Task brief
Every line below needs to be transcribed without alteration, and no image may be carried over.

BEGIN Provided data

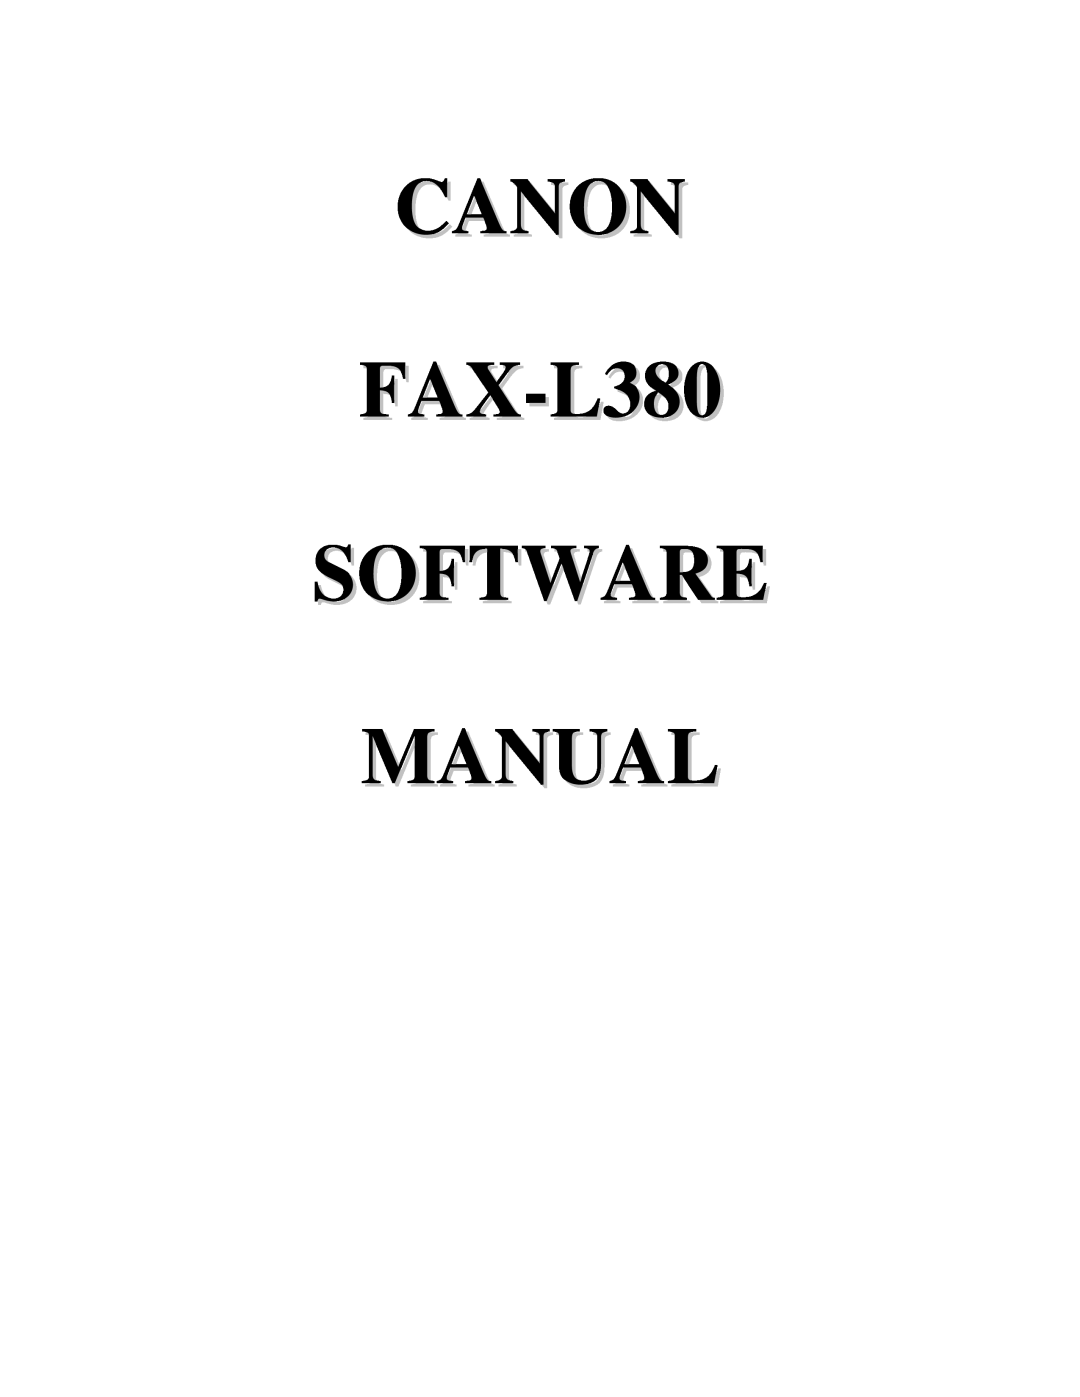 Canon manual CANON FAX-L380 SOFTWARE MANUAL 
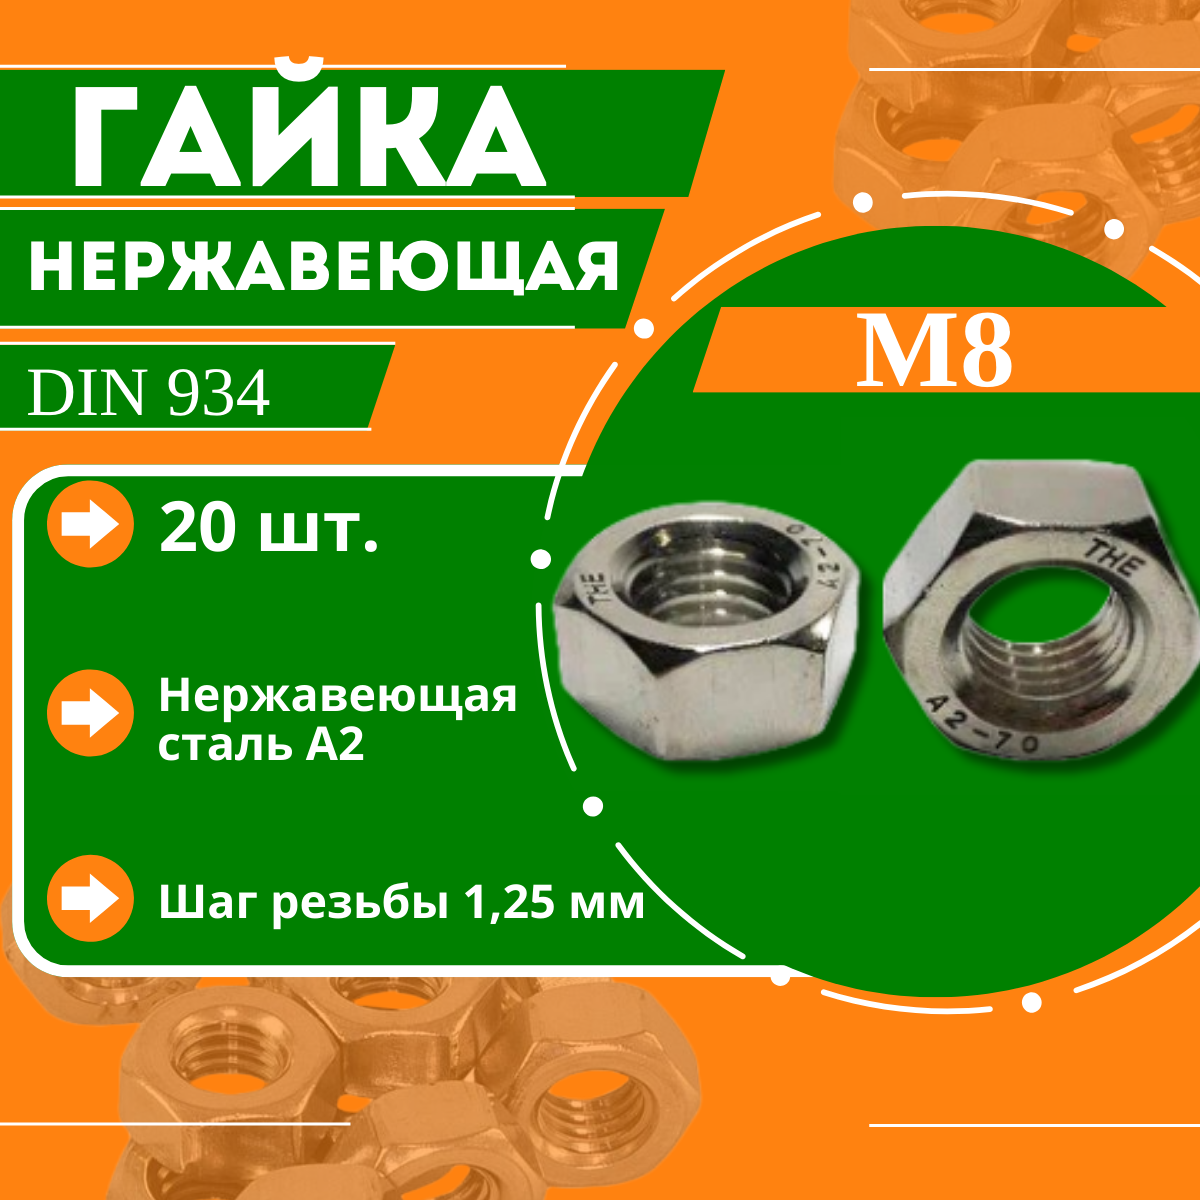 Гайка нержавеющая DIN 934 (A2) - M8 (20 шт.)
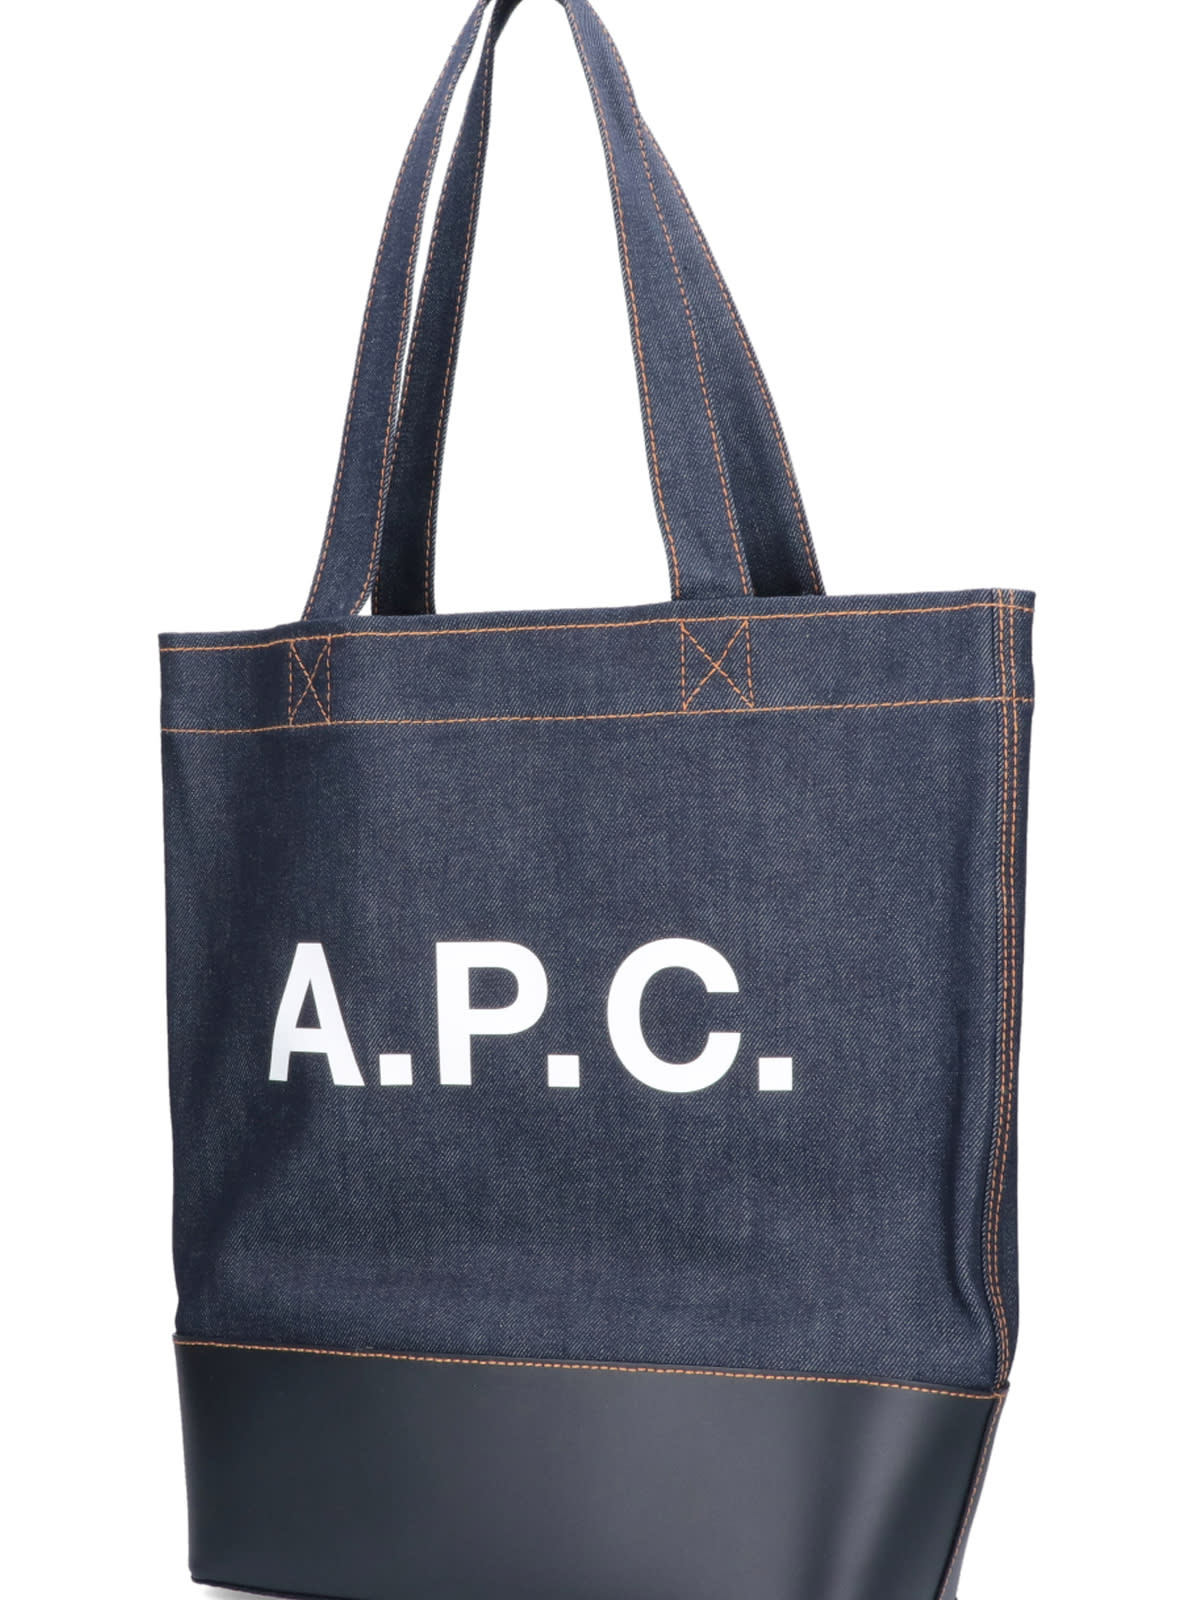 Shop Apc Axelle Tote Bag A.p.c.

END Provided data

Answer to this task
 Canon manual CANON FAX-L380 SOFTWARE MANUAL 
 Гайка нержавеющая DIN 934 (A2) - M8 (20 шт.)
 Shop Apc Axelle Tote Bag A.p.c.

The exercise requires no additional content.